El cine de José Luis Garci tiene apasionados partidarios y no menos furibundos detractores. Algunos de estos últimos no le perdonan su independencia, ni el que suela nadar contra corriente tanto en los temas de sus películas como en algunos de sus rasgos estéticos e ideológicos. En lo que a mí concierne, tengo que reconocer que las películas de Garci me dejan un tanto frío. No las he visto todas, así que he de admitir que mis opiniones son un tanto inconsistentes, pero, tal vez con la excepción de El crack, encuentro en ellas una sentimentalidad que no acaba de gustarme.

Todo lo cual no quita para que tenga una alta consideración de José Luis Garci como divulgador cinematográfico y hombre de cultura, sobre todo desde que puso en antena Qué grande es el cine, uno de los pocos programas que merecen la pena en la actual parrilla de la televisión.

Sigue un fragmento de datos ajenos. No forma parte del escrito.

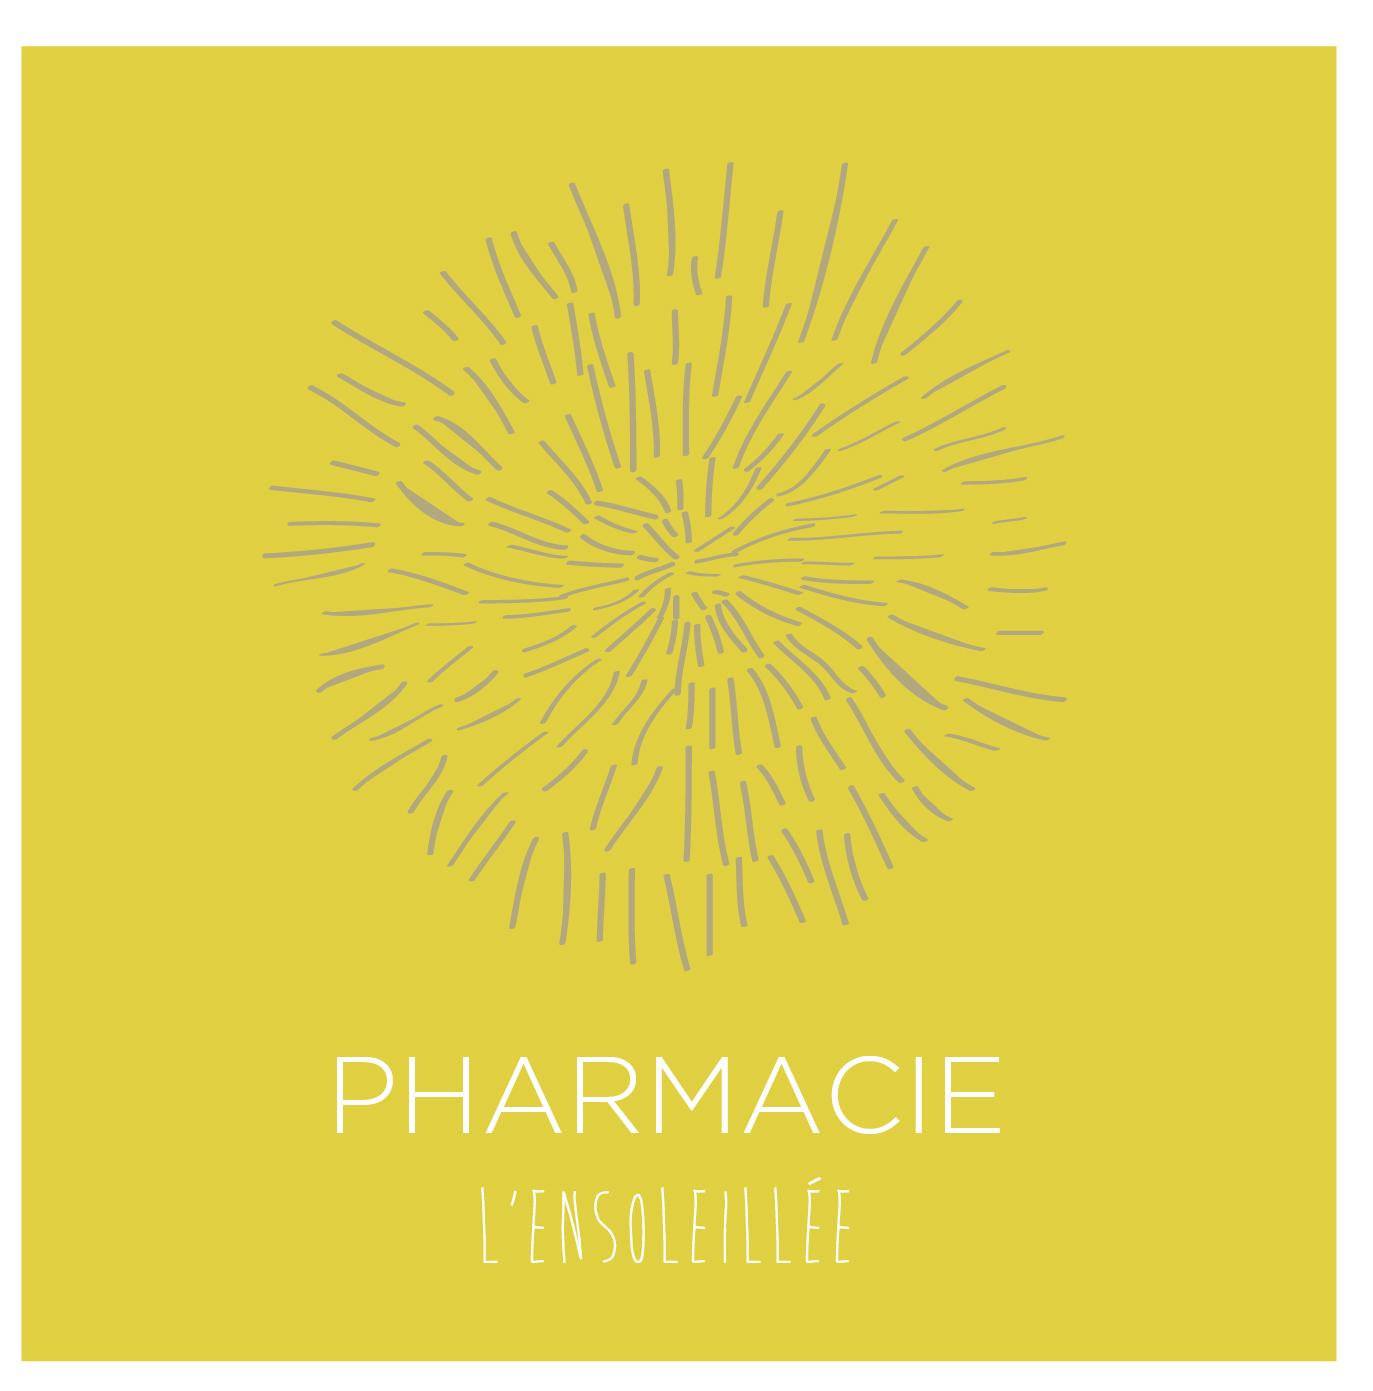 PHARMACIE L'ENSOLEILLEE –  AIX EN PROVENCE (13) 25

Se le han señalado muchos defectos de organización y formato -no es el menor su horario, que le ha hecho acreedor a ingeniosas variantes del título, como Qué tarde es el cine-, lo han sometido a innumerables parodias y cuchufletas, pero ahí está, tan sólido e interesante como el primer día, un espacio de cine-fórum que lleva un montón de años en antena, que nos ha ofrecido títulos memorables y que, a diferencia de tantos otros productos televisivos, sabe respetar la inteligencia del espectador.